Maths: Steven Wittens illustrates How to Fold a Julia Fractal. This visual essay is full of excellent illustrations and animations, including a beautiful demonstration of the square-and-shift operation on polar coordinates which really helps build intuition for why the Julia fractal is shaped the way it is.

I'm linking to Marsaglia's Random numbers fall mainly in the planes (1968) solely for the puntastic title, though its content -- finding unwanted patterns in a simplistic modular-exponentiation based random number generator -- is nothing to scoff at either. (Unless, presumably, you're currently making your living hawking said RNGs, in which case, scoff away.)


A pale red-haired centauress and a clothed, dark-skinned human wearing jockey boots curl up together on the ground, sharing a tender hug.

Source: Tumblr / jinamong.
Other slice-of-life fantasy creature sketches by the same artist: 1, 2.


I'm continually finding interesting perspectives on the "activist language merry-go-round" -- a term coined, I believe, by Serano in the last few years to describe a certain focus within activist communities on the fastidious quarantine of words known/found to be problematic. Cristan Williams describes the exercise as "[chasing] the ghost of empowerment through the reactionary policing of highly nuanced lexical epistemologies", and further notes that which words are considered accepted or problematic is a relative notion even between different activist communities.

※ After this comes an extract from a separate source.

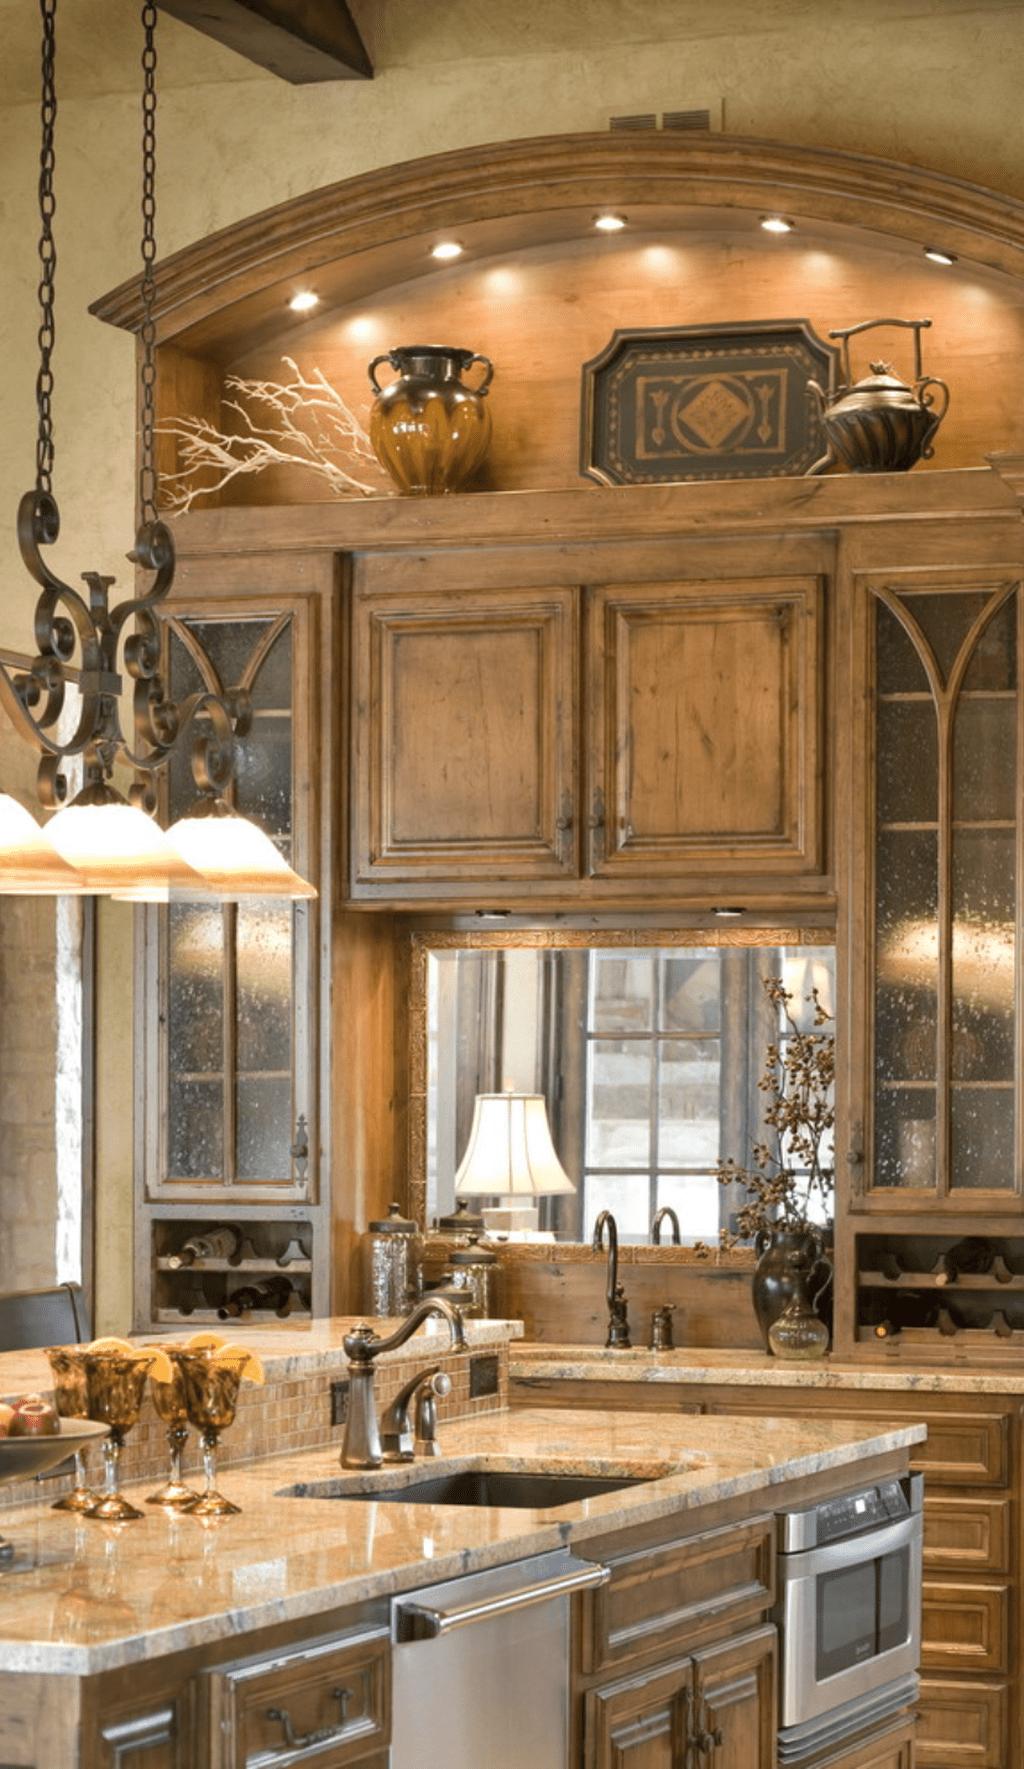 Fabulous Rustic Italian Decor Ideas For Your Home 16

I am fascinated by the implication here: the Internet provides the illusion of a global homogenised speech community, but organic language usage still happens subject to the constraints of geography and social group structure. Whomever's interpretation of various terms becomes canonised happens to be enjoying an unusual privilege.

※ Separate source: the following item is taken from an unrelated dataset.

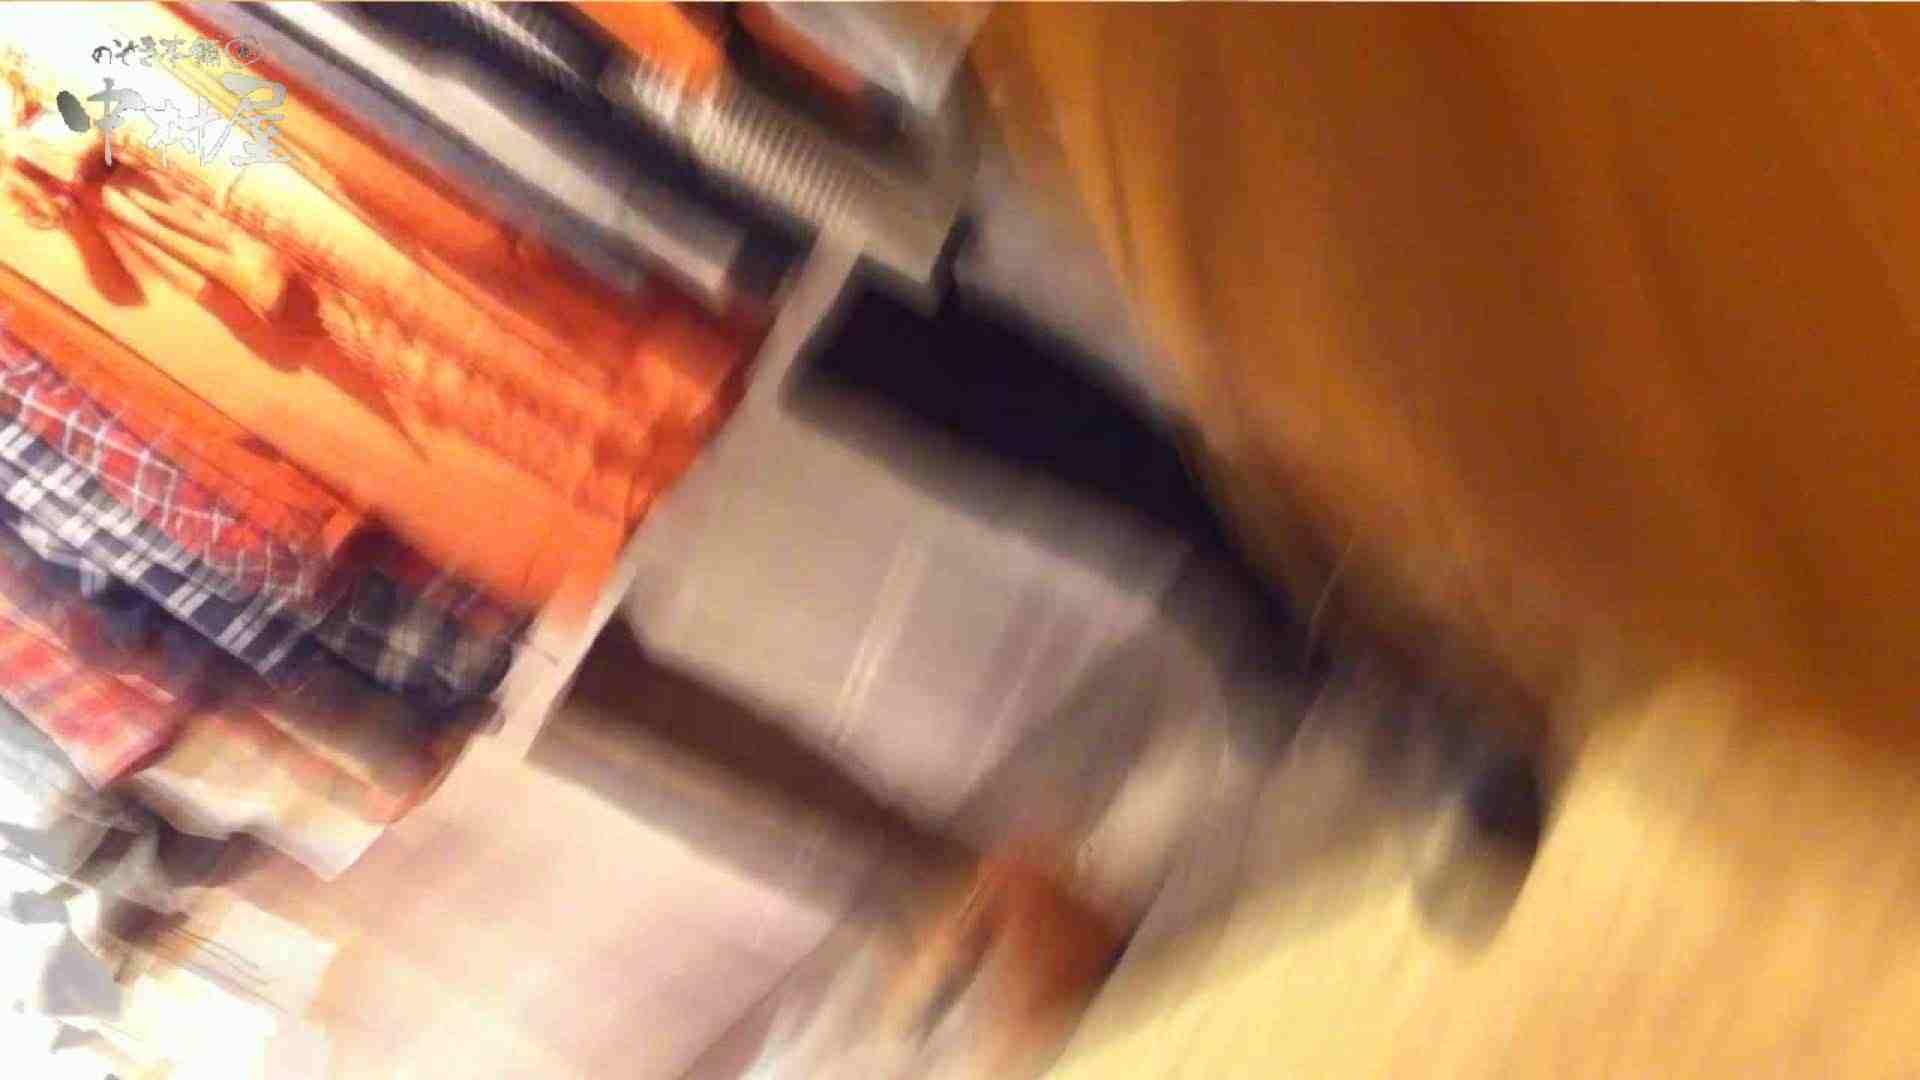 vol.84 美人アパレル胸チラ&パンチラ 帽子オネェさんに胸元アタック! 接写  94連発 67

The prose in In Flight, an extract from Mark Vanhoenacker's book, Skyfaring, is gorgeous through-and-through. The following extract is technical and poetic in equal measures:

Planes following altitudes referenced to the standard atmosphere collectively and continuously adjust their degree of wrongness — gently climbing or descending in a collective, school-of-fish-like movement as the true air pressure below changes with time and location. Locked for hours at what our altimeters show to be 31,000 feet, our true altitude may vary constantly. Think of an ocean, of all the boats across its vast expanse rising and descending on their local swells. All the boats are on the surface, though their true elevation varies. An altitude referenced to the standard atmosphere is called a flight level and it is just like such a surface: a membrane encircling the Earth, pressed with indentations and textured with rises, shimmering invisibly on the aerial imperfections of the world.


Wednesday, July 1, 2015

Creative Mysticism and “Don't Hug Me I'm Scared”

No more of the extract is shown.